You child has mastered a skill and finds it boring? Don't ask her to do drill on that skill, do something she'll find challenging, even if it's outside of her current curriculum.
For example, addition and subtraction are used all around us; when you go shopping, ask what change you should expect. Ask what notes and coins the change will come in (best representation), and what it could come in (combinations, permutations and equivalents). When baking, ask how much the mix will weigh after we add this next ingredient (a lot more definitive with a digital scale). Ask how much more we should add to get to a target weight. Start asking division and multiplication questions, like how many eggs are in a half-dozen, two half-dozens?
Time is another real-world addition and subtraction domain, but kids don't have a strong feeling for time - a moment, a few minutes, half an hour are all equal in length to a child (I suspect they all mean "an interminable delay"). Playing with a digital timer (you might find one on a microwave oven, a phone or a computer) is fascinating for kids, and helps given them a sense that there's a relationship between the magnitude of a number and the passage of time. You can ask questions about "what time will it be five minutes from now?" and "We're leaving at 8:45, how long have you got for watching TV? Is that long enough for an episode of Batman?".
My oldest has shown similar tenancies, and he found symmetry questions challenging: I'd ask what 17+2 is, and after a pause he'd give the right answer; I'd then ask for 2+17 and there'd be a longer pause. I kept asking questions of this format, and it took him a long, long time to realise that there was that symmetrical relationship.
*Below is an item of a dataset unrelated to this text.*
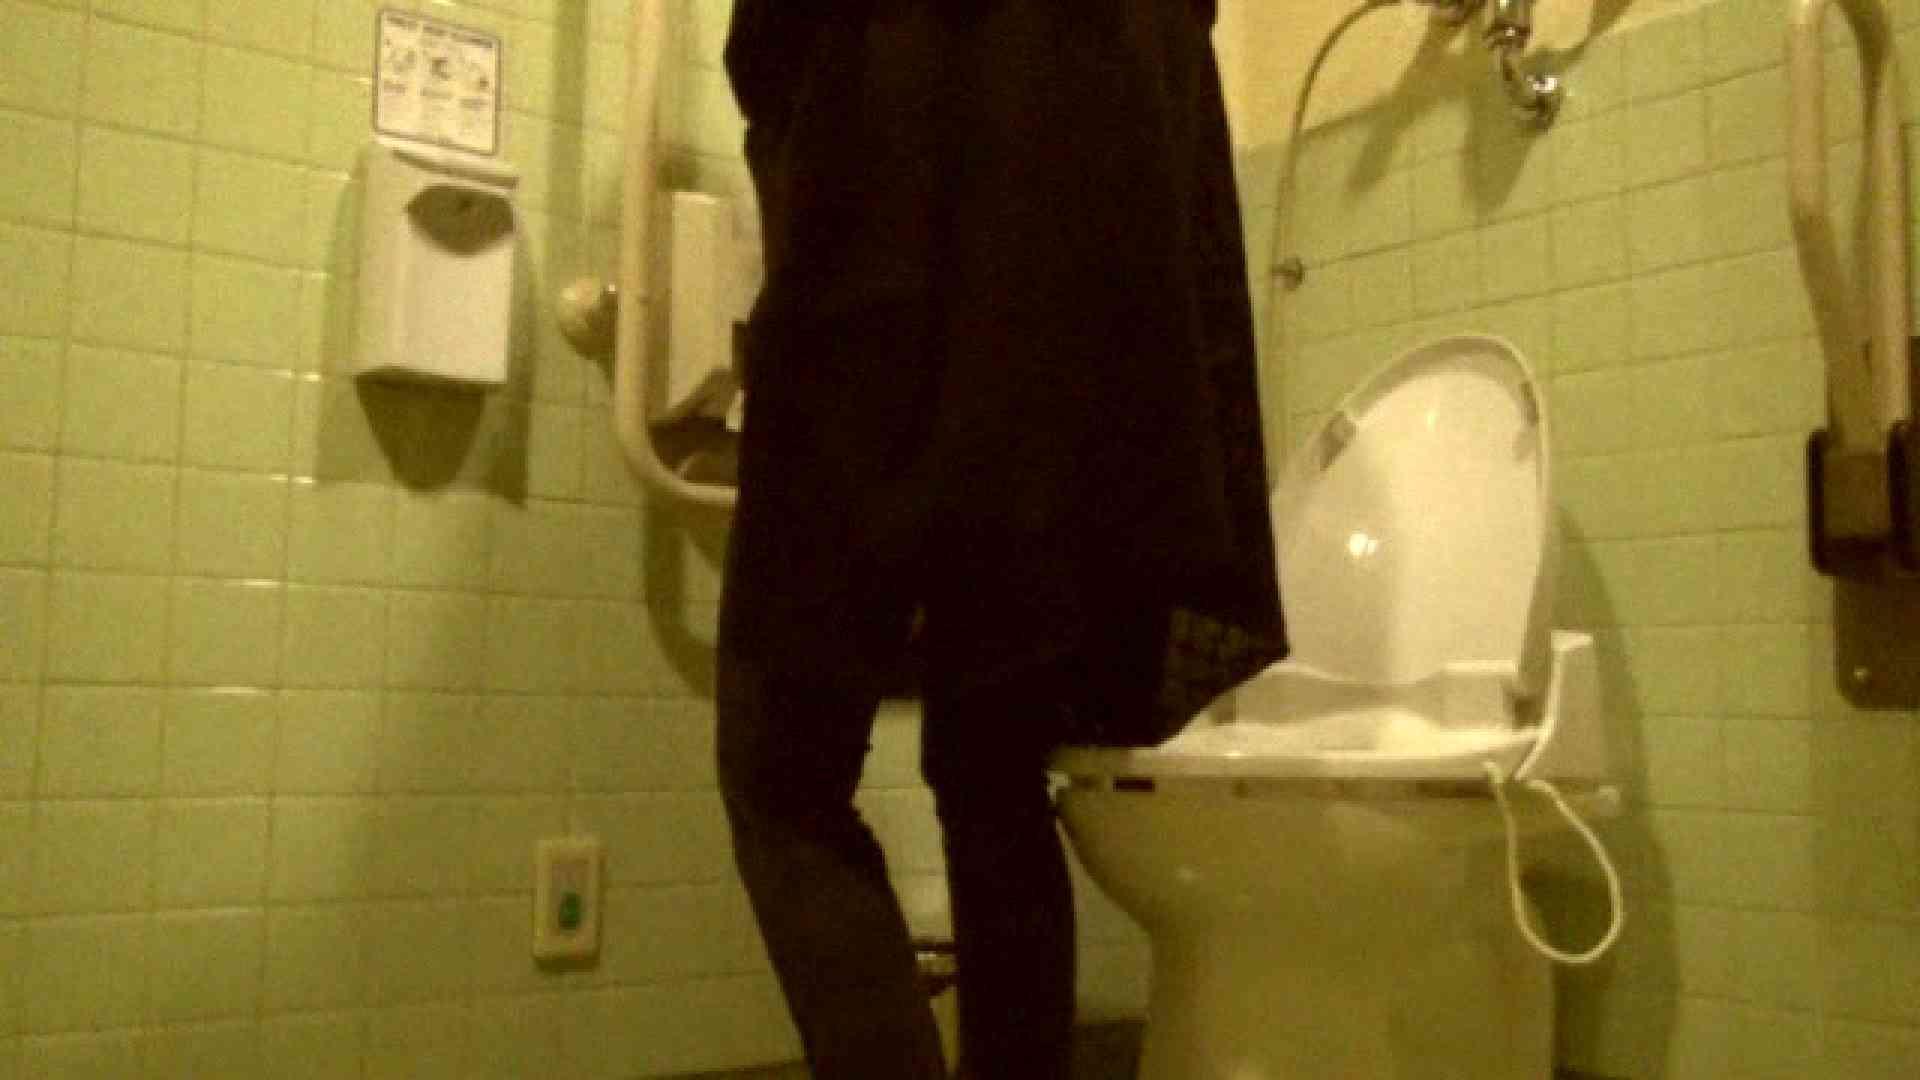 vol.26 【SKちゃん(洗面所)】ガールズバー店員 19歳 イタズラ 盗撮セックス無修正動画無料 50連発 12
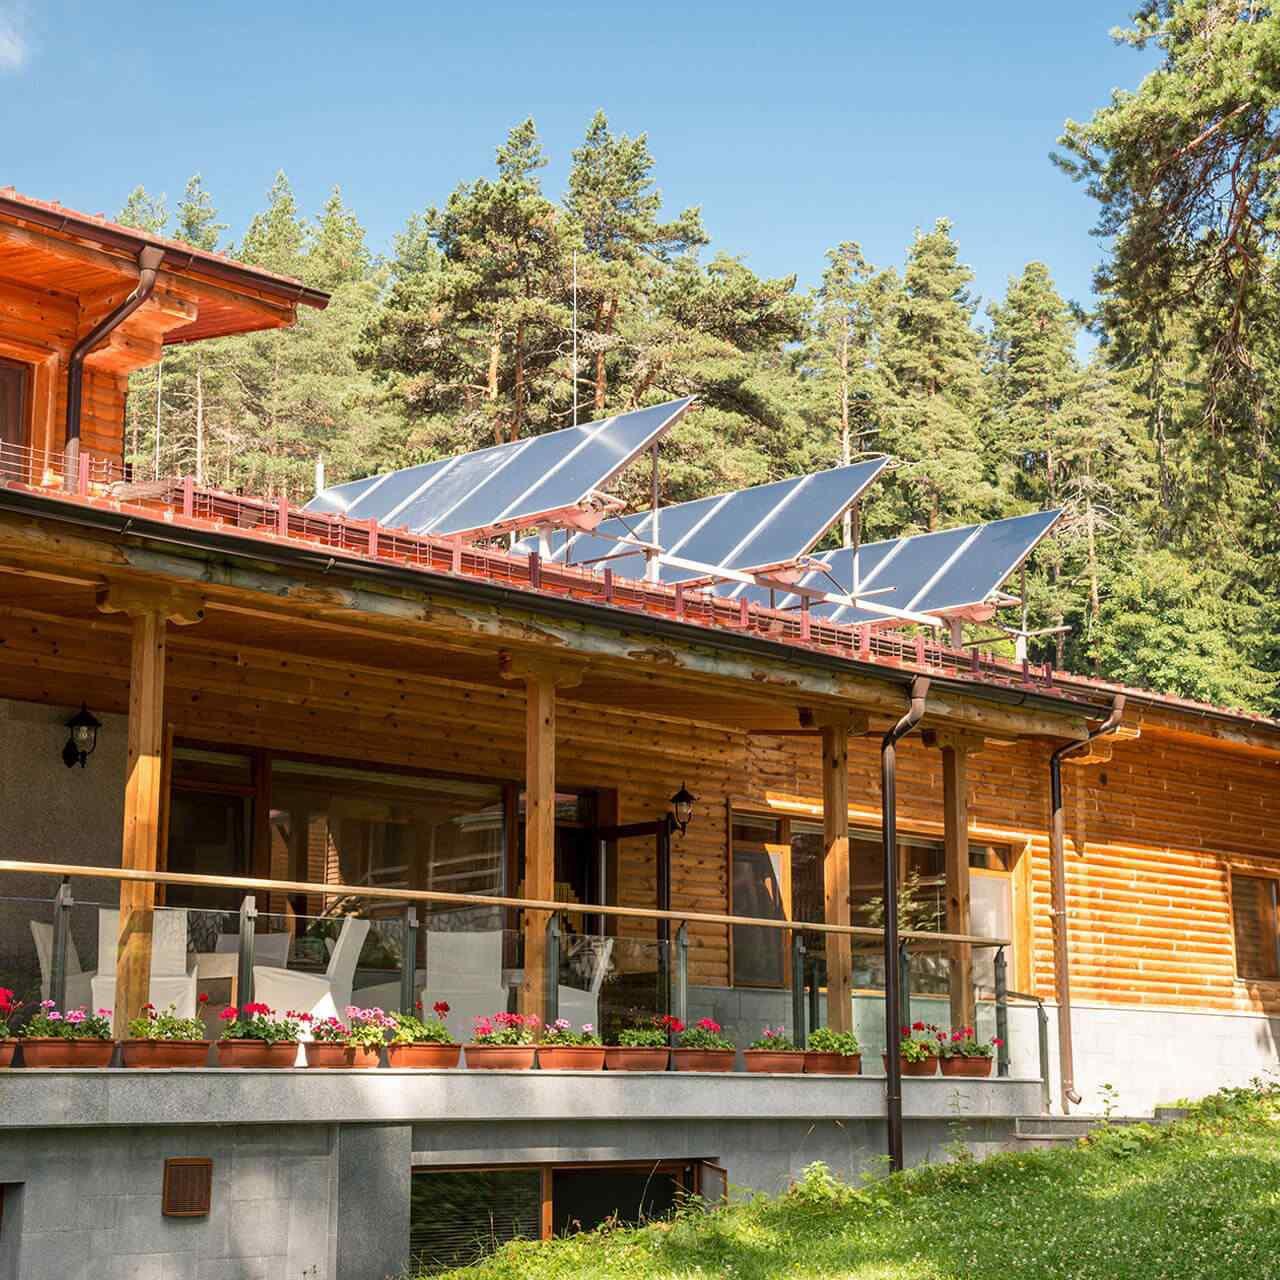 https://solarpanels-sanantonio.com/wp-content/uploads/2018/09/gallery_projects_11-1280x1280.jpg

Note that I didn't point out the symmetry - I thought I was being pretty darn obvious just butting the questions up against each other, and discoveries that you make by yourself stick so much deeper than something that someone tells (or shows) you.
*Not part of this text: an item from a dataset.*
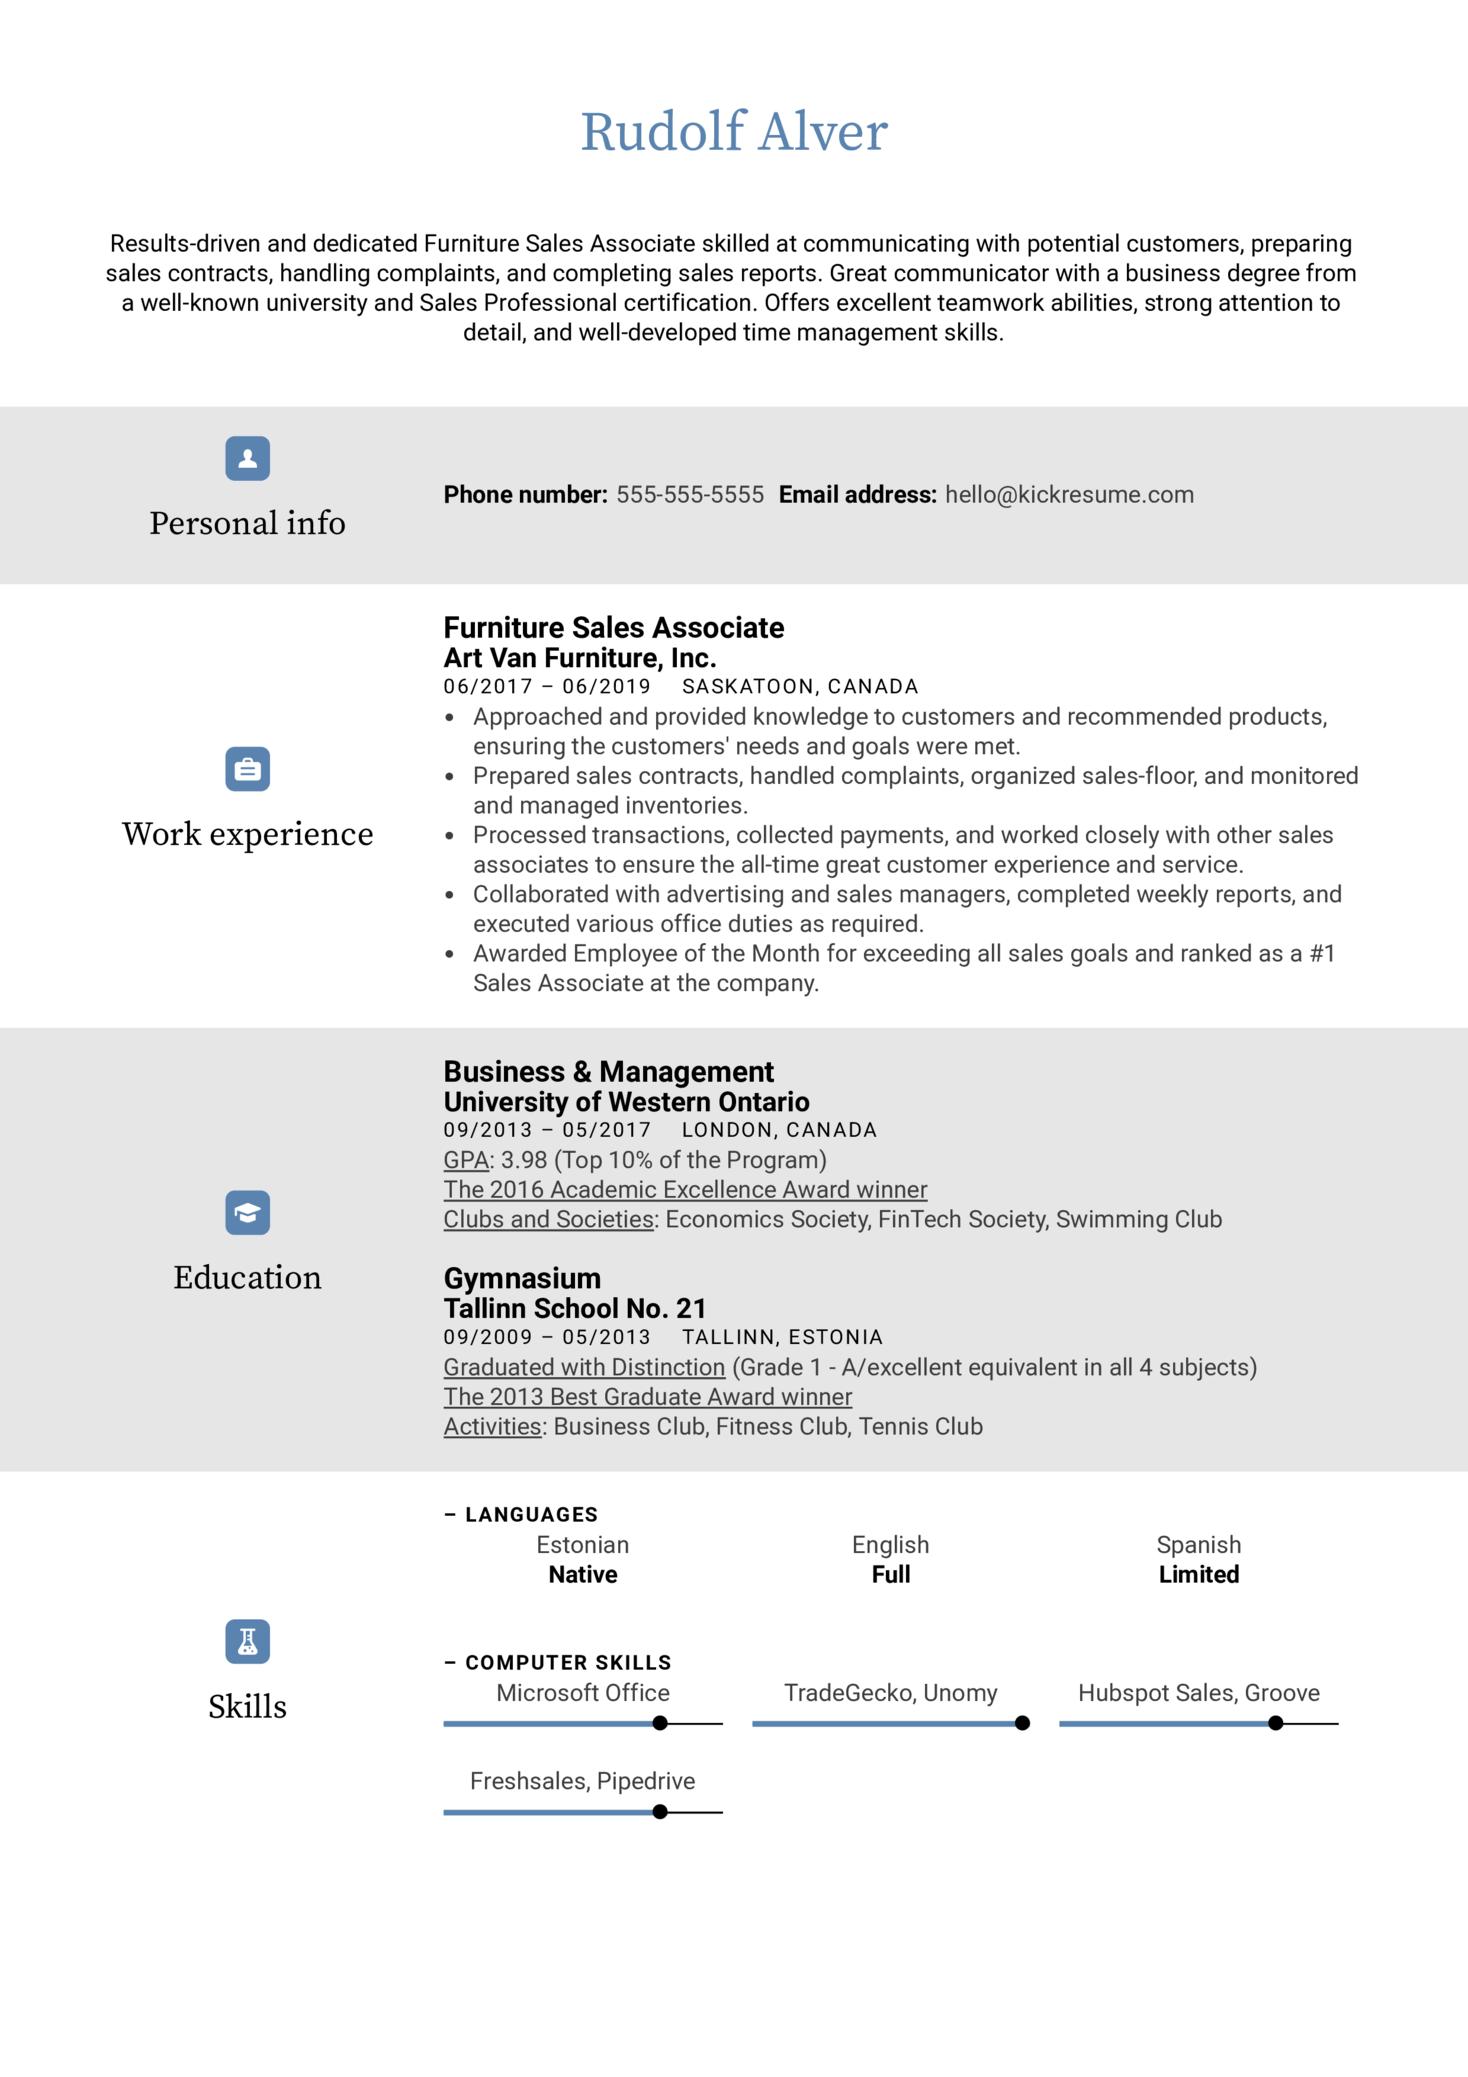 Furniture Sales Associate Resume Sample (Parte 1)

Multiplication is repeated addition, so questions like 11+11, 2x11, 11+11+11, 3x11, 11+11+11+11, 4x11 might light up realisation... but it might not. It also provides an opportunity to partition problems (11+11+11+11 == 11+11 + 11+11, which we solved earlier) and notice patterns (like the 11+ questions are really 1+ questions with the digits doubled up).
One thing I've noticed in my younger child is that he progressed fairly quickly from counting to "knowing", and I saw this when he was playing with (a computer game that featured) dice with pips. Extrapolating from this, I suggest playing some dice games with a couple of dice with pips, then - after she moves from counting to 'seeing' the numbers - to dice with digits. This will give her practice with numbers less than 7; you can also get dice with 10 faces (at hobby shops, or widely available online, search for "10-sided die", I've only ever seen them with numerals) and more. If you make whatever game you invent about getting the answer quickly, there'll be motivation to step up from counting to memorised relationships.
Boardgames often offer counting opportunities; snakes and ladders can be played by counting out the moves (1, 2, 3, 4) or by actually doing the maths and then moving (13 plus four is 17). We found Monopoly Junior a good teaching aid for a while, but the maths quickly moves from challenging to routine, but it does provide a grounding for moving up to Monopoly which uses larger numbers.